Cloudflare Launches Tool To Help Website Owner Monetize Access To Bot AI

Cloudflare launched a new tool that allows website owners to block AI crane bots from accessing their content without permission or compensation, in an effort to help site owners generate revenue from AI companies that want to train their models using web data.

This tool allows site owners to choose whether AI creators can access their content and set prices through the "pay per crane" model, Cloudflare said in a statement on Tuesday, July 1. The approach aims to give content owners greater control over how their data is used and paid.

The increasing use of AI cranes that access content without redirecting users back to their original sources has led to a decrease in traditional search engine traffic, which has been a source of advertising revenue.

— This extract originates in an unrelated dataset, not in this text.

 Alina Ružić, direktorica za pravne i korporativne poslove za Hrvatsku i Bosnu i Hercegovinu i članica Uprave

Now, site owners are looking for new ways to maintain the sustainability of their business.

The Cloudflare initiative has the support of major publishers such as Condé Nast and Associated Press, as well as social media companies such as Reddit and Pinterest.

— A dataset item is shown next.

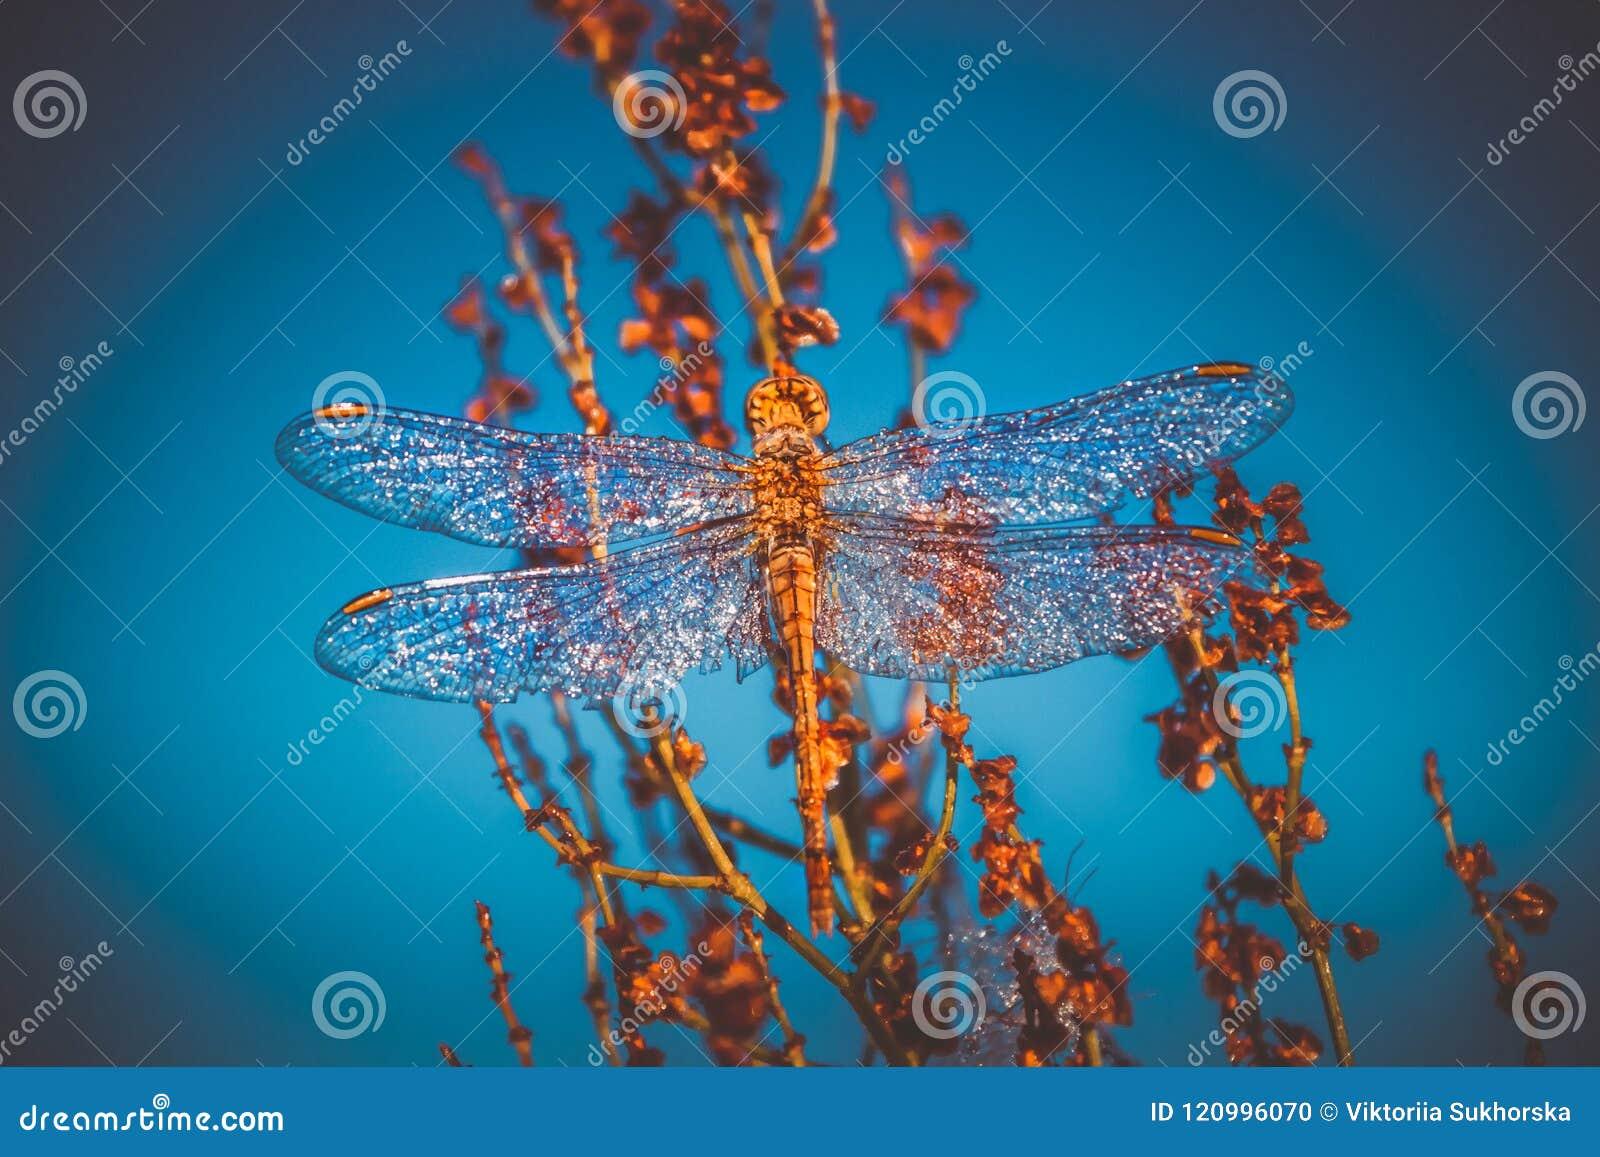 Een mooi insect van een libel Sympetrum Vulgatum tegen een achtergrond van een blauwe hemelachtergrond toning

Stephanie Cohen, Cloudflare's Chief Strategy Officer, stated that the purpose of this tool is to give control to publishers of their content, while creating a sustainable ecosystem for content creators and AI companies.

"The change in traffic pattern is very fast, and something has to change," Cohen said in an interview. "This is just the beginning of a new internet model."

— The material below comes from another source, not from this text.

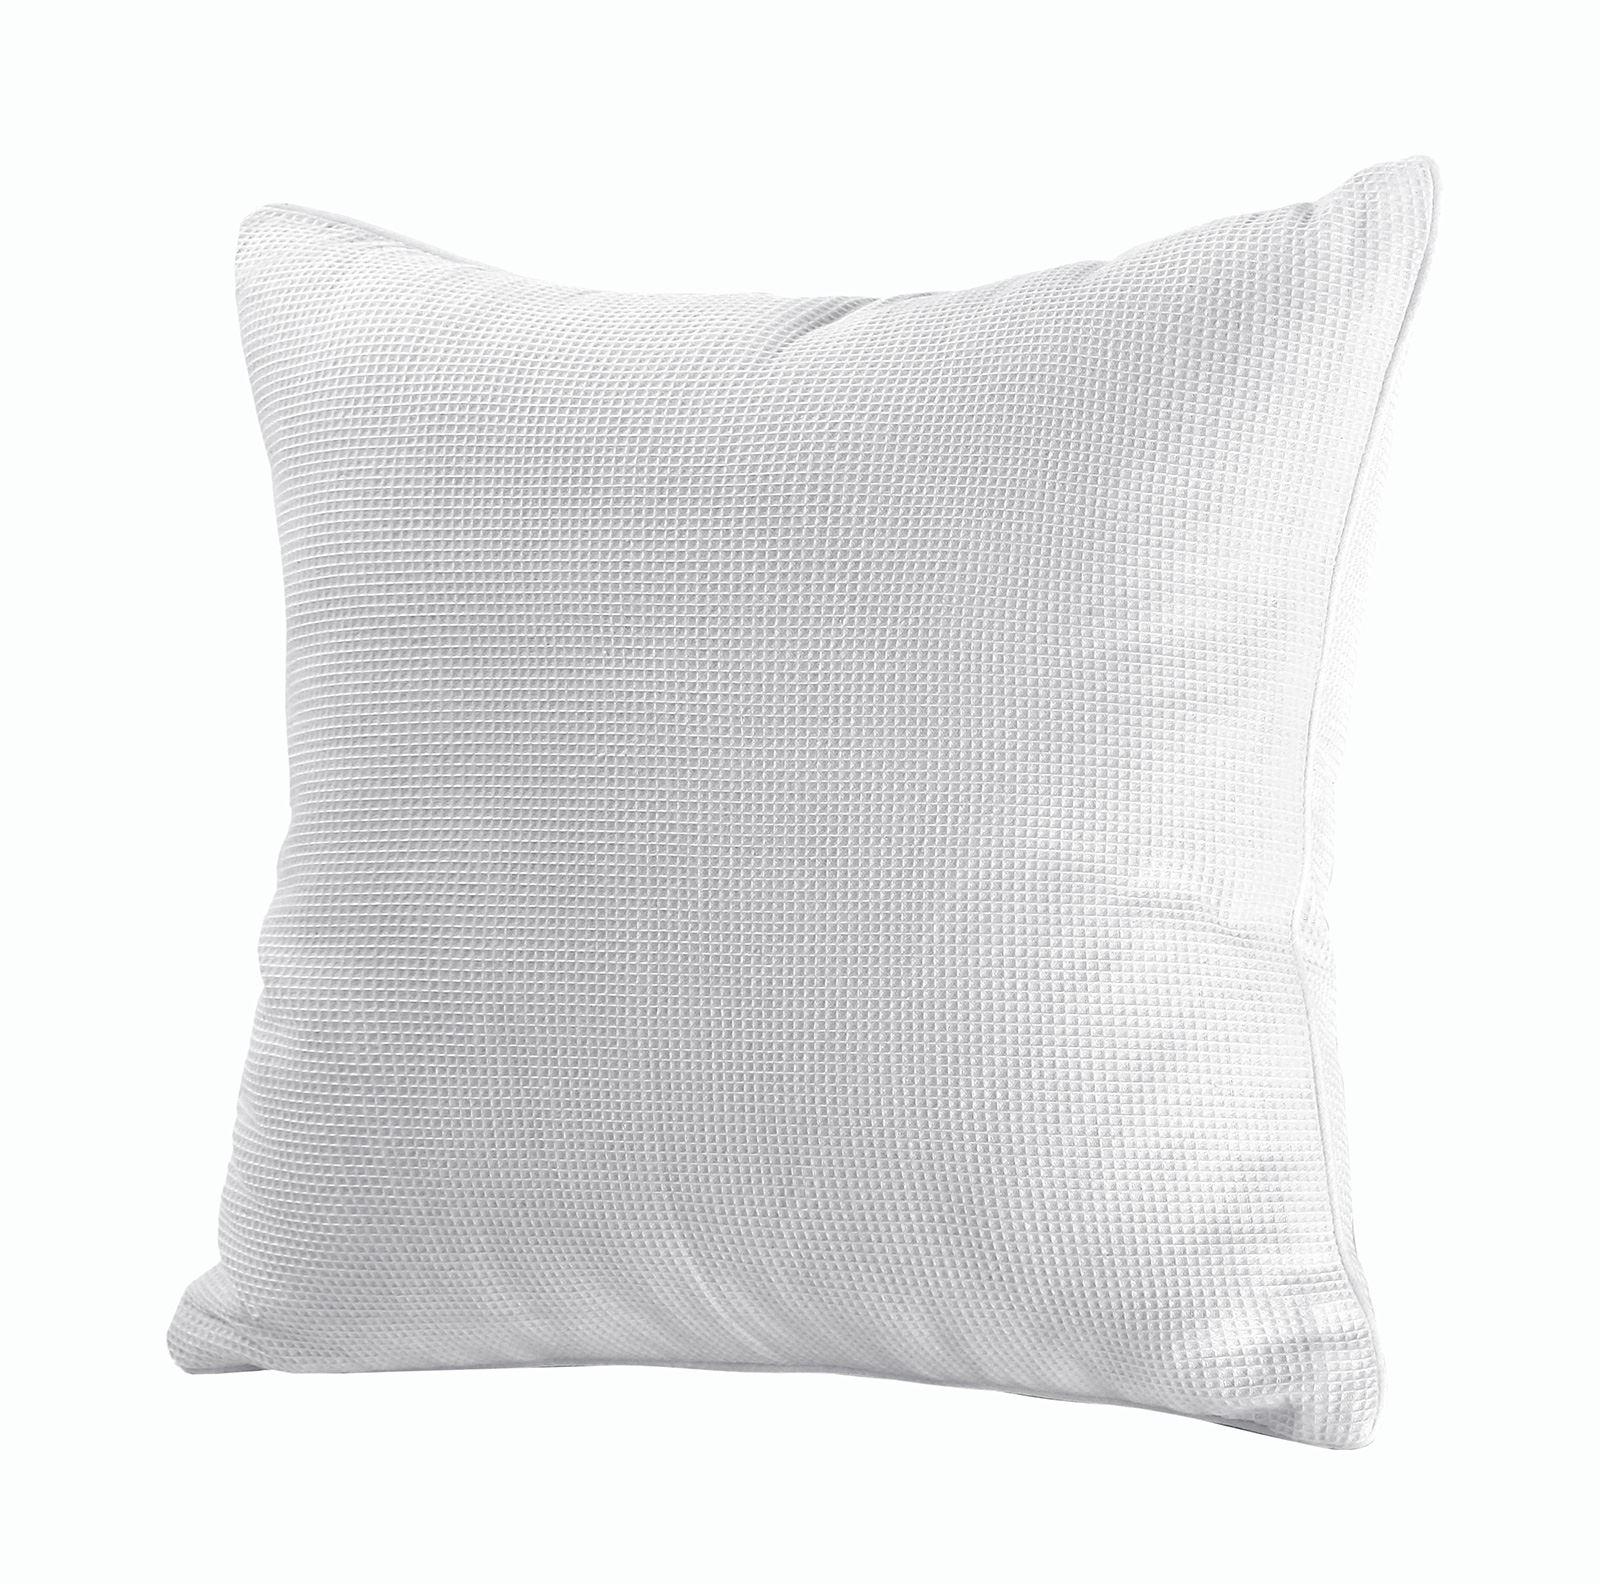 100-Algodon-Cuidado-facil-cubierta-del-edredon-edredon-multicolor-nuevo-conjunto-de-ropa-de-cama miniatura 25
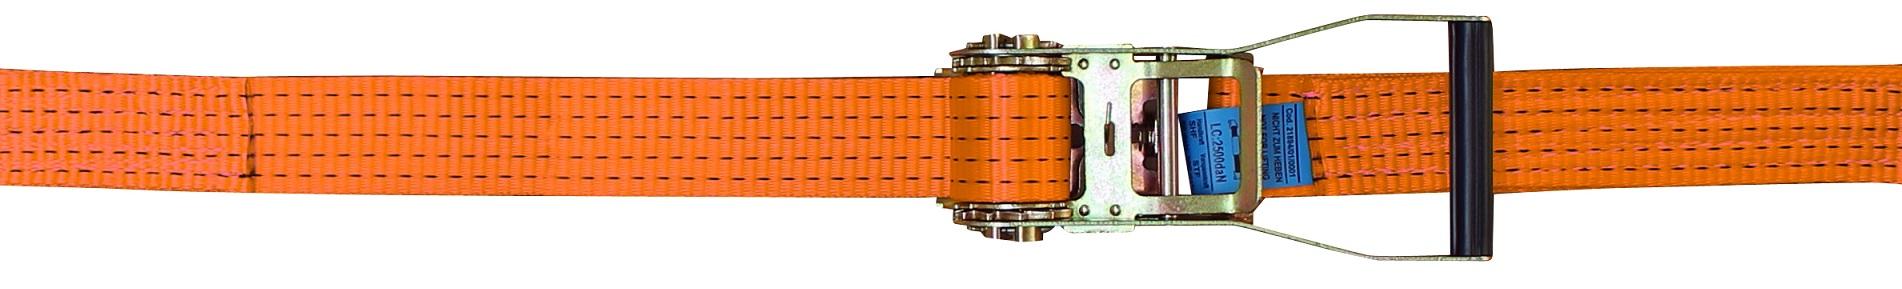 Ratschen Gurt Cargo 50 mm | 4.000 daN

Cloudflare data shows that the ratio between browsing and return visits to the site by Google has now dropped to 18:1, from 6:1 in just the last six months. This decline is believed to have occurred as users are increasingly finding direct answers to Google search results, including through the AI Overviews feature. However, Google's ratio is still much better than other AI companies such as OpenAI which reached 1,500:1.

For decades, search engines have indexed content and redirected users back to the source site, a mechanism that benefits creators. But this model is now disrupted by AI companies that use cranes to collect information without providing traffic back, and instead present this information through chatbots such as ChatGPT, thus harming creators in terms of recognition or income.

Many AI companies are now past the common web standards that publishers use to block their content screening, and claim that they don't violate the law in accessing content for free.

In response, several publishers such as The New York Times have sued AI companies for copyright infringement, while others have opted for a content licensing agreement.

Reddit, for example, sued AI startup Anthropic for allegedly taking comments from Reddit users to train its AI chatbots, but at the same time it also signed a content license agreement with Google.